Ruby Bee glared at Estelle, then managed a pinched smile for the fellow whose name she didn't recall right offhand. "I hope this conversation didn't disturb you."

"Of course not," Lamont lied smoothly, having had more than a little practice in his day. "I couldn't help overhearing bits and pieces, however. I gather you're both baseball fans?"

Estelle glared at Ruby Bee, then fluttered her eyelashes for the fellow, who had attractive silverish hair, a nice face, and drove a late-model black Cadillac. "Perhaps you could settle a small bone of contention for us," she said, still fluttering like crazy to make her request sound more friendly. "You're the fellow in number four, ain't you?"

"Lamont Petrel, and at your service."

Ruby Bee figured Estelle had a gnat in her eye, so she decided to butt in before she made a total fool of herself, which was destined to happen any second. "We were discussing the name of the player what stands between second and third base," she said.

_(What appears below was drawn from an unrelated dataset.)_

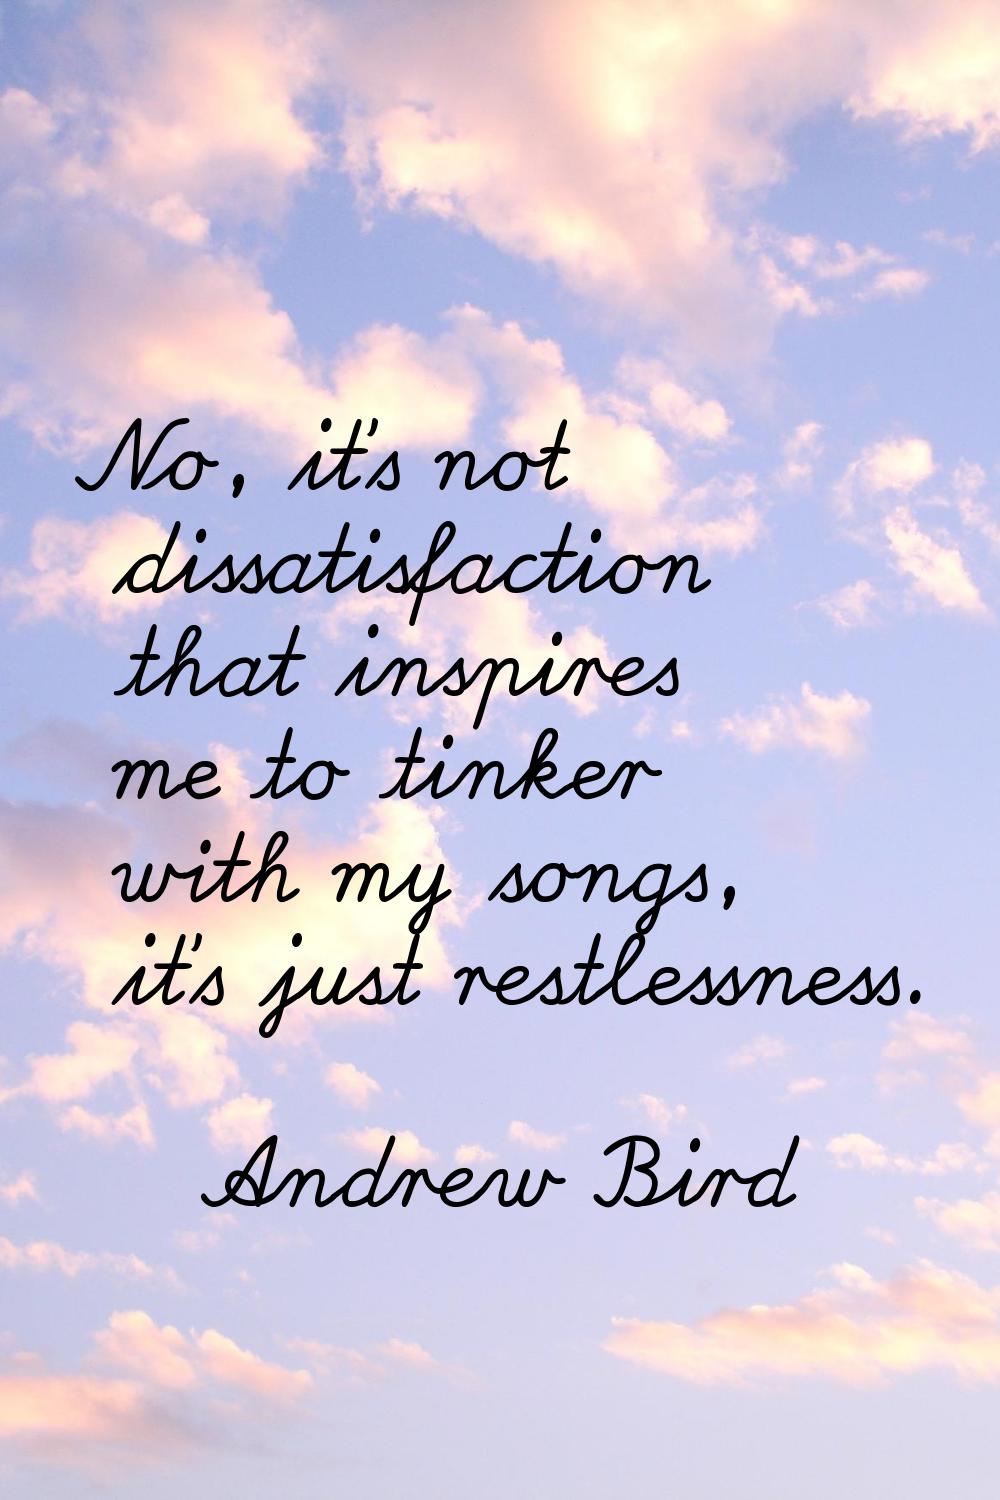 No, it's not dissatisfaction that inspires me to tinker with my songs, it's just restlessness.

Lamont was watching both of them warily, since neither seemed real stable. "Which team are you interested in? I don't follow baseball religiously, but I might be able to remember a few of the shortstops."

There was a moment of silence. "Never mind," Estelle said in a funny voice.

Ruby Bee considered saying something right there in front of the fellow, but changed her mind after a quick peek at Estelle's face. "Don't let us detain you from your work, Mr. Petrel."

"Whatever you say," Lamont said, puzzled. "Have a nice day."

"You, too," they said in unison.

Estelle waited until the door closed, then leaned forward and said, "Isn't he opening the supermarket with Jim Bob?"